Qualified Person and NI 43-101 Disclosure

Mr. R. Bob Singh, P.Geo, VP Exploration, and Ms. Andrea Diakow P.Geo, Exploration Manager for Great Bear are the Qualified Persons as defined by National Instrument 43-101 responsible for the accuracy of technical information contained in this news release.


“Chris Taylor”                                  

Chris Taylor, President and CEO

Cautionary note regarding forward-looking statements

This release contains certain “forward looking statements” and certain “forward-looking information” as defined under applicable Canadian and U.S. securities laws. Forward-looking statements and information can generally be identified by the use of forward-looking terminology such as “may”, “will”, “should”, “expect”, “intend”, “estimate”, “anticipate”, “believe”, “continue”, “plans” or similar terminology. The forward-looking information contained herein is provided for the purpose of assisting readers in understanding management’s current expectations and plans relating to the future. Readers are cautioned that such information may not be appropriate for other purposes.

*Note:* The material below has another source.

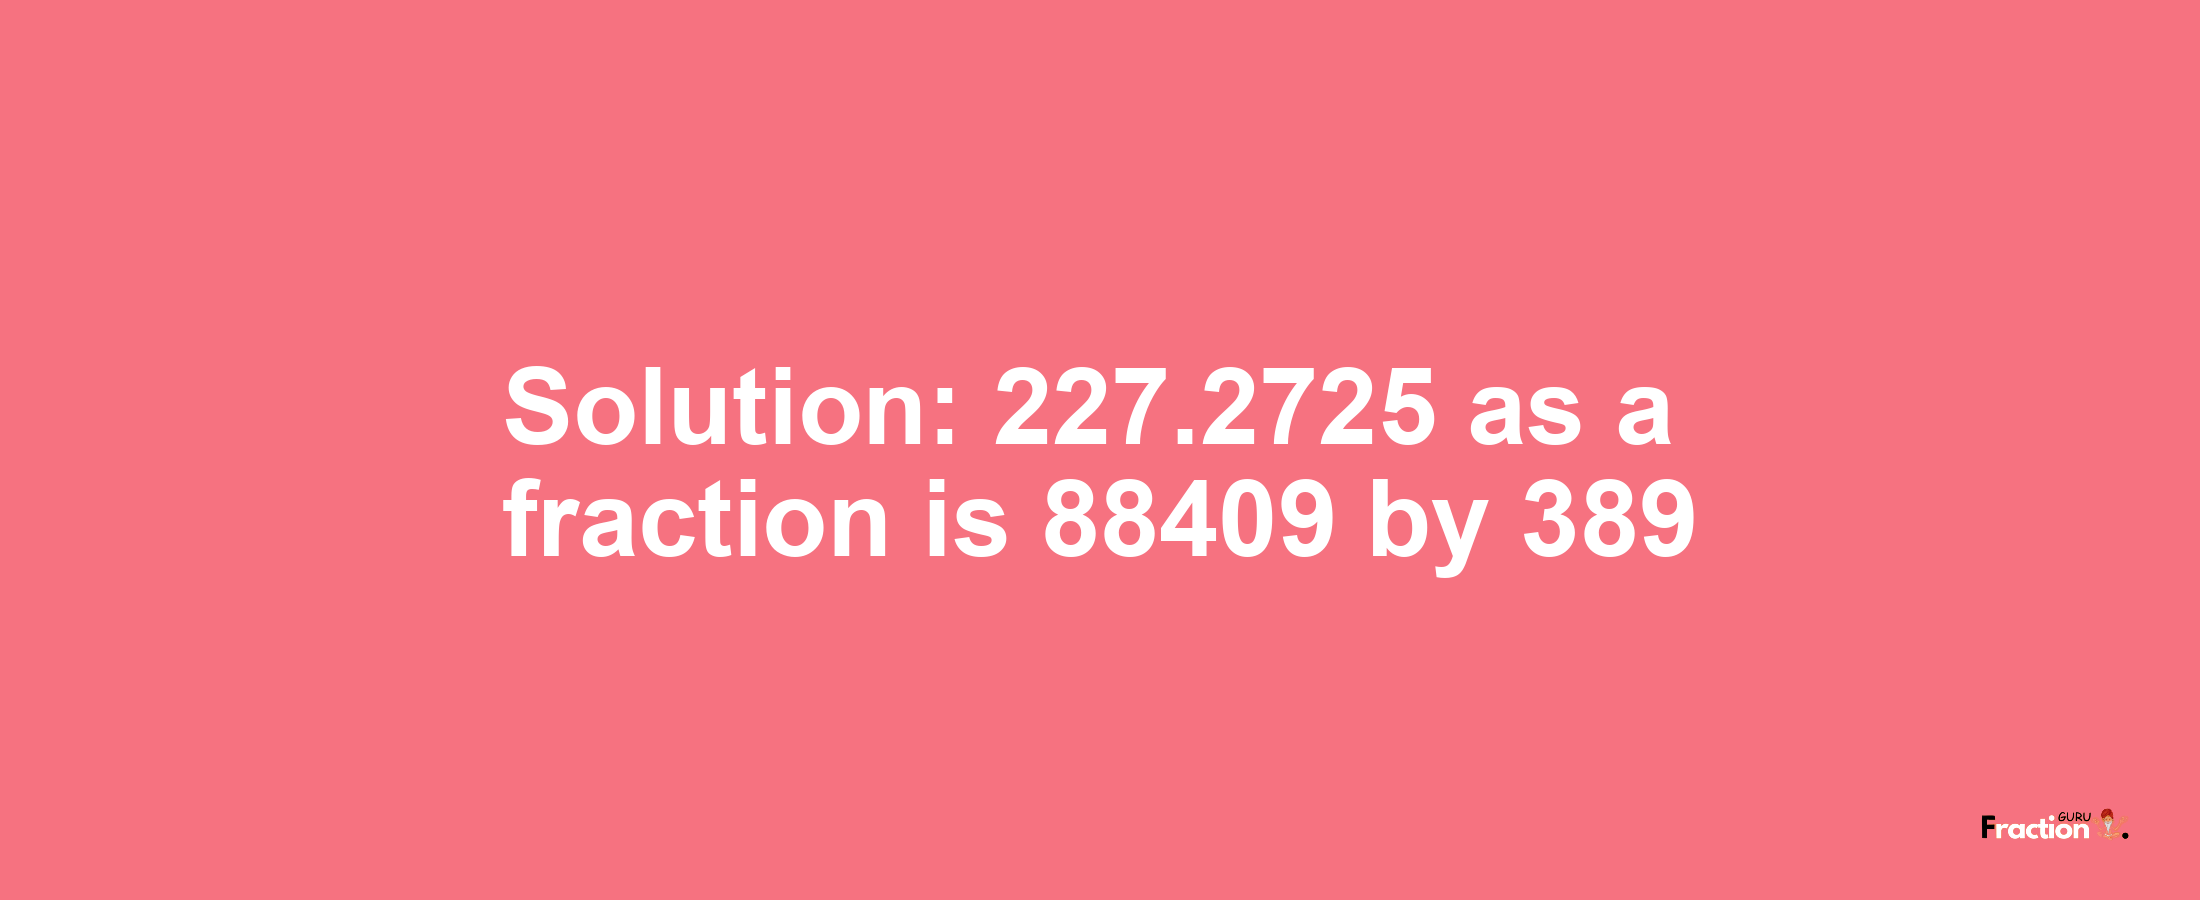 Solution:227.2725 as a fraction is 88409/389

Forward-looking statements and information include, but are not limited to, statements in respect of the proposed Offering including the proposed use of proceeds, the closing date of the Offering, receipt of regulatory and stock exchange approvals, the timing of future drilling, exploration and budgets.

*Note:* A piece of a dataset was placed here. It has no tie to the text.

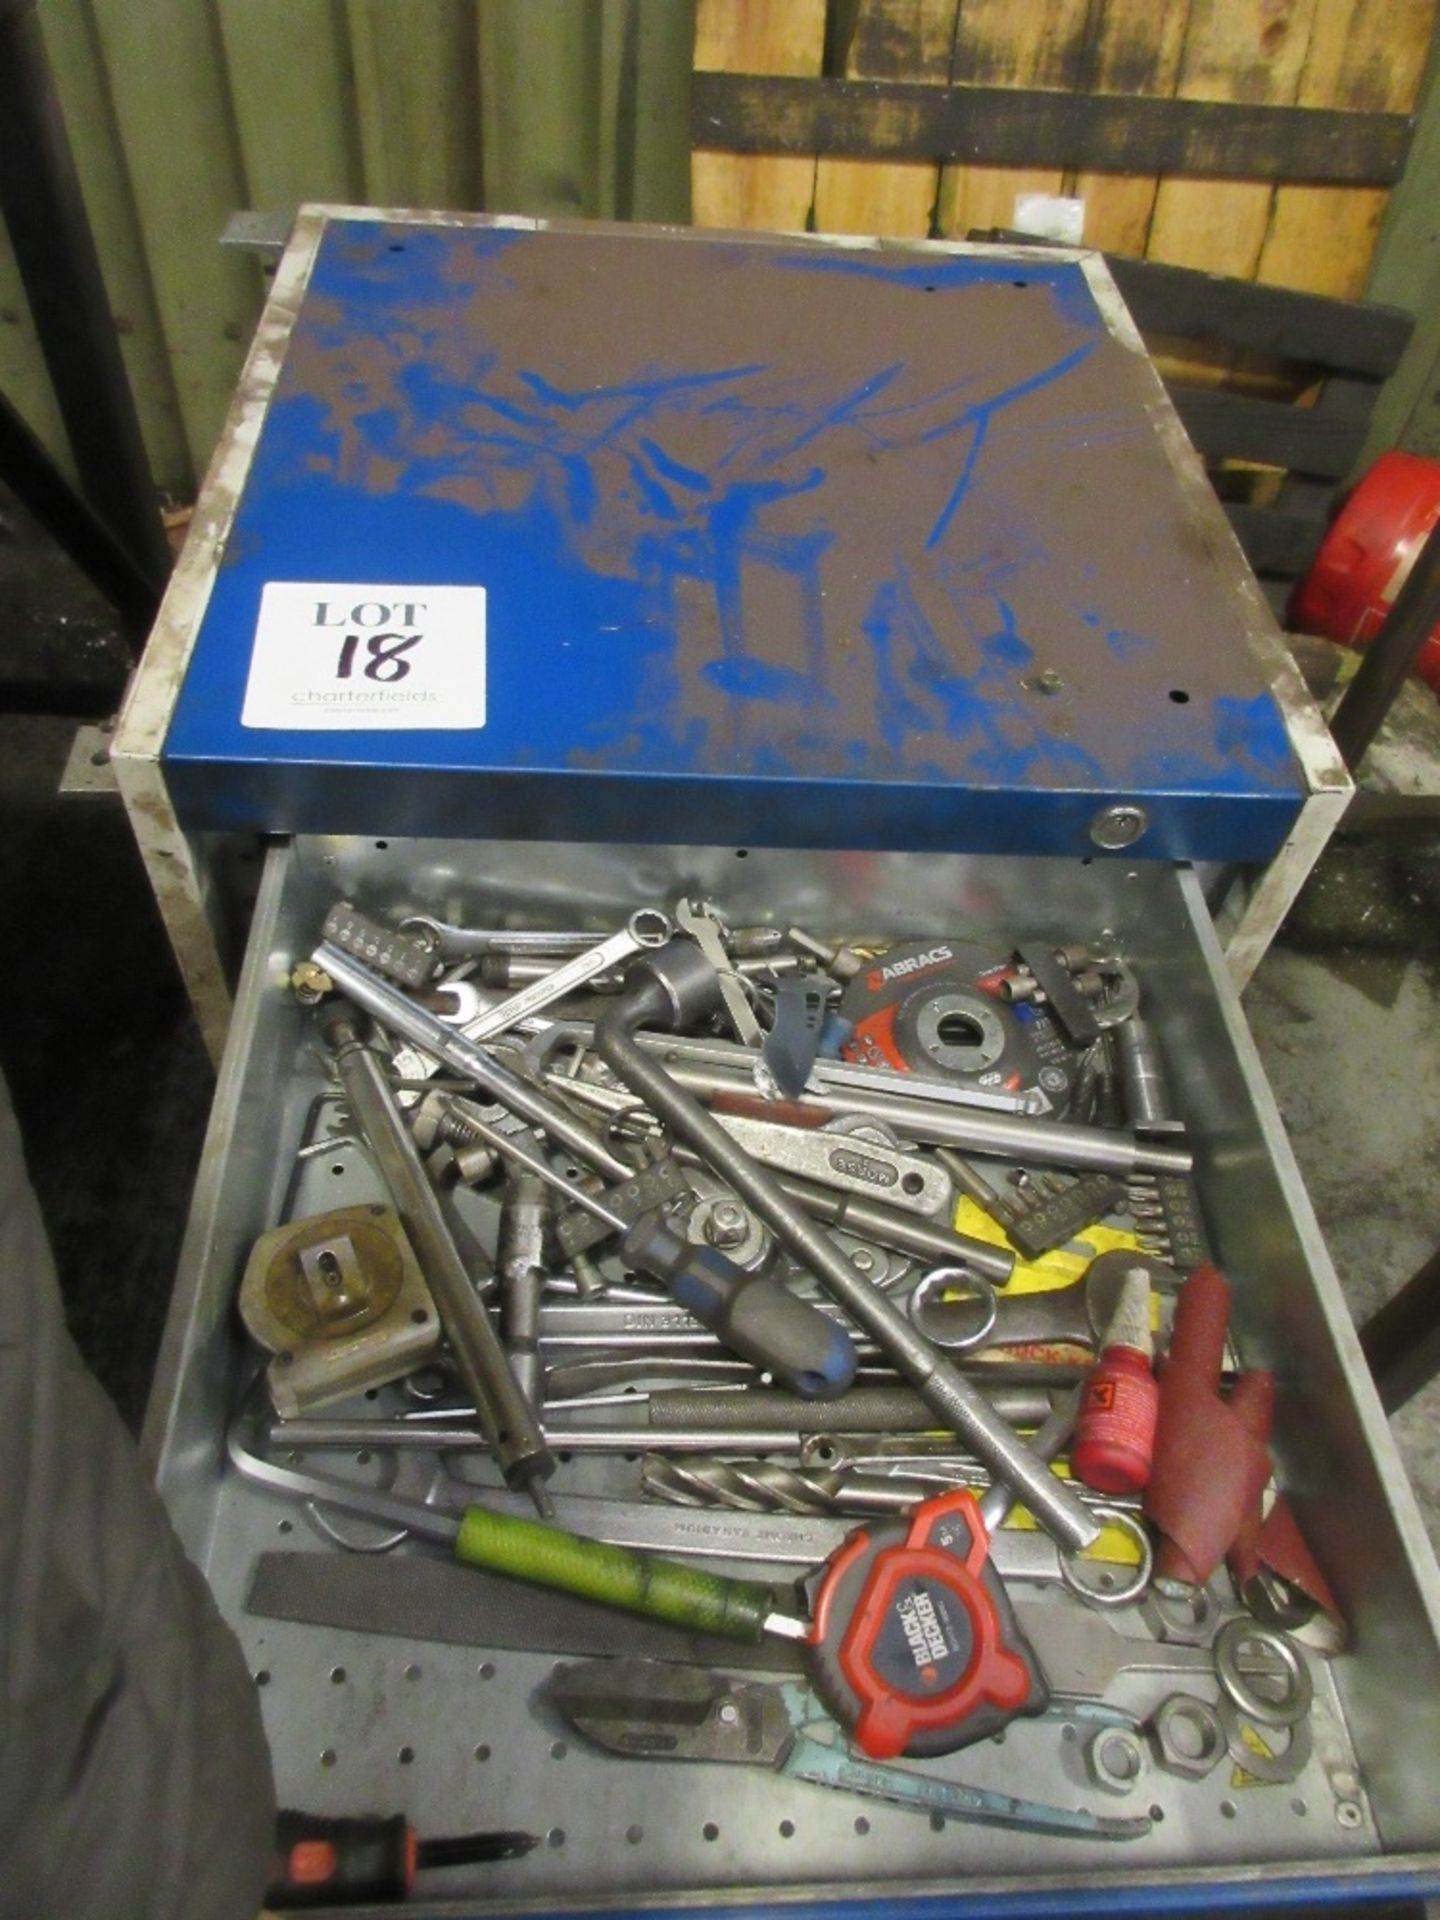 Tooling cabinet and contents

Forward-looking information are based on management of the parties’ reasonable assumptions, estimates, expectations, analyses and opinions, which are based on such management’s experience and perception of trends, current conditions and expected developments, and other factors that management believes are relevant and reasonable in the circumstances, but which may prove to be incorrect.

Such factors, among other things, include: impacts arising from the global disruption caused by the Covid-19 coronavirus outbreak, business integration risks; fluctuations in general macroeconomic conditions; fluctuations in securities markets; fluctuations in spot and forward prices of gold or certain other commodities; change in national and local government, legislation, taxation, controls, regulations and political or economic developments; risks and hazards associated with the business of mineral exploration, development and mining (including environmental hazards, industrial accidents, unusual or unexpected formations pressures, cave-ins and flooding); discrepancies between actual and estimated metallurgical recoveries; inability to obtain adequate insurance to cover risks and hazards; the presence of laws and regulations that may impose restrictions on mining; employee relations; relationships with and claims by local communities and indigenous populations; availability of increasing costs associated with mining inputs and labour; the speculative nature of mineral exploration and development (including the risks of obtaining necessary licenses, permits and approvals from government authorities); and title to properties.

Great Bear undertakes no obligation to update forward-looking information except as required by applicable law. Such forward-looking information represents management’s best judgment based on information currently available. No forward-looking statement can be guaranteed and actual future results may vary materially. Accordingly, readers are advised not to place undue reliance on forward-looking statements or information.